In vitro maturation of B cells in chronic lymphocytic leukemia. I. Synergistic action of phorbol ester and interleukin 2 in the induction of Tac antigen expression and interleukin 2 responsiveness in leukemic B cells.

作者信息

Kabelitz D, Pfeffer K, von Steldern D, Bartmann P, Brudler O, Nerl C, Wagner H

出版信息

J Immunol. 1985 Oct;135(4):2876-81.

PMID:2993419
Abstract

Recent evidence indicates that interleukin 2 (IL 2), formerly thought to serve as growth factor exclusively for activated T cells, is directly involved in human B cell differentiation. We have investigated the role of IL 2 and IL 2 receptors (as defined by monoclonal anti-Tac antibody) in the phorbol ester-induced in vitro maturation of leukemic B cells from patients with chronic lymphocytic leukemia (CLL).
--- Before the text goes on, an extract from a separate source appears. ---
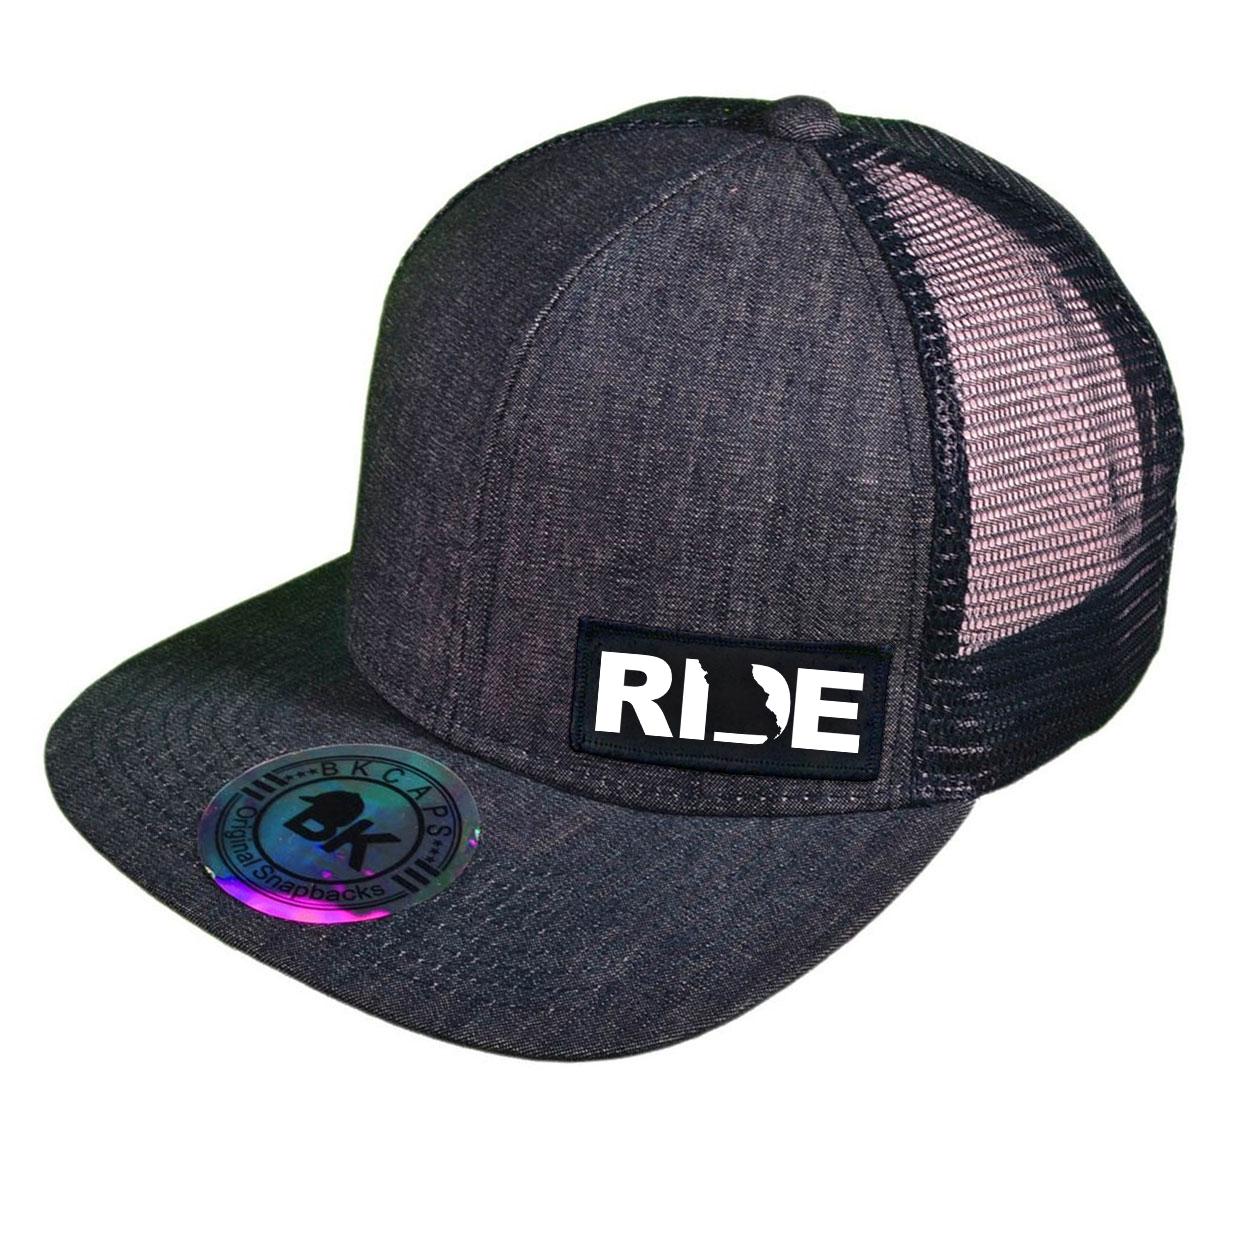 Ride Missouri Night Out Woven Patch Snapback Flat Brim Hat Dark Navy Denim (White Logo)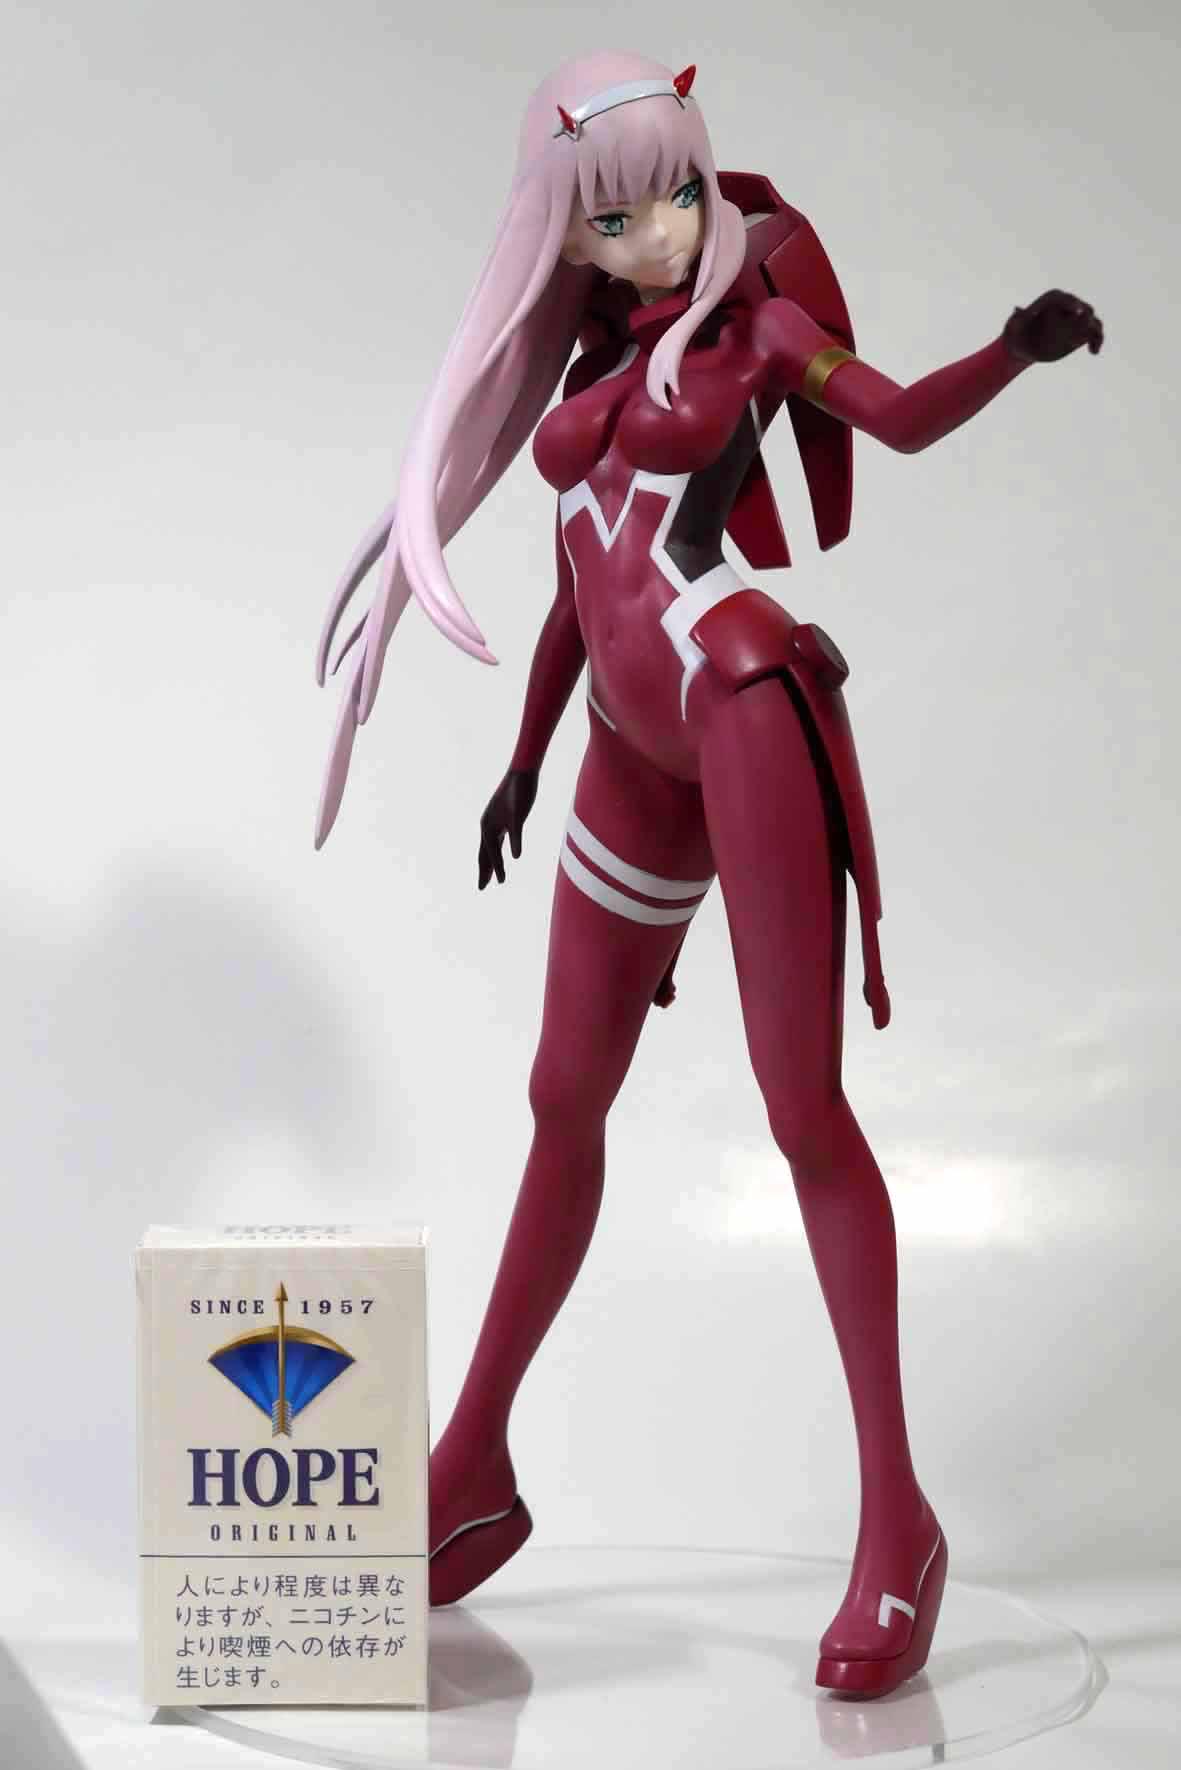 Darling In The Franxx Franxx Zerotwo Anime Figurines Anime Figures Darling In The Franxx

Peripheral blood lymphocytes from B cells from CLL patients with high (greater than 10(5)/microliters) white blood cell counts were depleted of residual T lymphocytes and low-density cells (primarily macrophages) by consecutive steps of E rosetting, complement-mediated lysis of OKT3+ and OKT4+ cells, and Percoll density gradient centrifugation. No OKT3+ T cells were detectable in these cell populations before or after culture. When incubated for 3 days with phorbol ester plus recombinant human IL 2 (rIL 2), 12 to 57% of highly purified B cells from four of five tested patients expressed Tac antigen. Both phorbol ester and rIL 2 were required for maximal Tac antigen expression. Functional studies revealed that phorbol ester-activated (but not resting) CLL B cells responded to rIL 2 with [3H]thymidine incorporation and with enhanced secretion of IgM. Tac+ B cells were isolated in two cases on a fluorescence-activated cell sorter. In one patient, stimulation of Tac+ B cells with rIL 2 resulted in enhanced [3H]thymidine incorporation but no change in IgM secretion, as compared with Tac- B cells; in the second patient, stimulation of Tac+ B cells with rIL 2 did not result in [3H]thymidine uptake, but did result in significant IgM secretion. These findings indicate that certain leukemic B lymphocytes can be induced to express IL 2 receptors and respond to IL 2. The use of resting clonal B cell populations arrested at distinct stages of differentiation may help to better define the stage(s) at which IL 2 acts directly on B cells to induce proliferation and/or terminal differentiation.

摘要

最近的证据表明,白细胞介素2(IL-2),以前被认为仅是活化T细胞的生长因子,实际上直接参与人类B细胞的分化。我们研究了IL-2和IL-2受体(由单克隆抗Tac抗体定义)在佛波酯诱导的慢性淋巴细胞白血病(CLL)患者白血病B细胞体外成熟中的作用。通过连续的E花环形成、OKT3 +和OKT4 +细胞的补体介导裂解以及Percoll密度梯度离心步骤,去除高白细胞计数(大于10⁵/微升)的CLL患者B细胞外周血淋巴细胞中的残余T淋巴细胞和低密度细胞(主要是巨噬细胞)。在培养前后,这些细胞群体中均未检测到OKT3 + T细胞。当与佛波酯加重组人IL-2(rIL-2)一起孵育3天时,五名受试患者中有四名的高度纯化B细胞中有12%至57%表达Tac抗原。最大程度的Tac抗原表达需要佛波酯和rIL-2两者。功能研究表明,佛波酯激活的(而非静止的)CLL B细胞对rIL-2有反应,表现为[³H]胸苷掺入增加和IgM分泌增强。在两例中通过荧光激活细胞分选仪分离出Tac + B细胞。在一名患者中,与Tac - B细胞相比,用rIL-2刺激Tac + B细胞导致[³H]胸苷掺入增加,但IgM分泌无变化;在第二名患者中,用rIL-2刺激Tac + B细胞未导致[³H]胸苷摄取,但确实导致显著的IgM分泌。这些发现表明,某些白血病B淋巴细胞可被诱导表达IL-2受体并对IL-2作出反应。使用停滞在不同分化阶段的静止克隆B细胞群体可能有助于更好地确定IL-2直接作用于B细胞以诱导增殖和/或终末分化的阶段。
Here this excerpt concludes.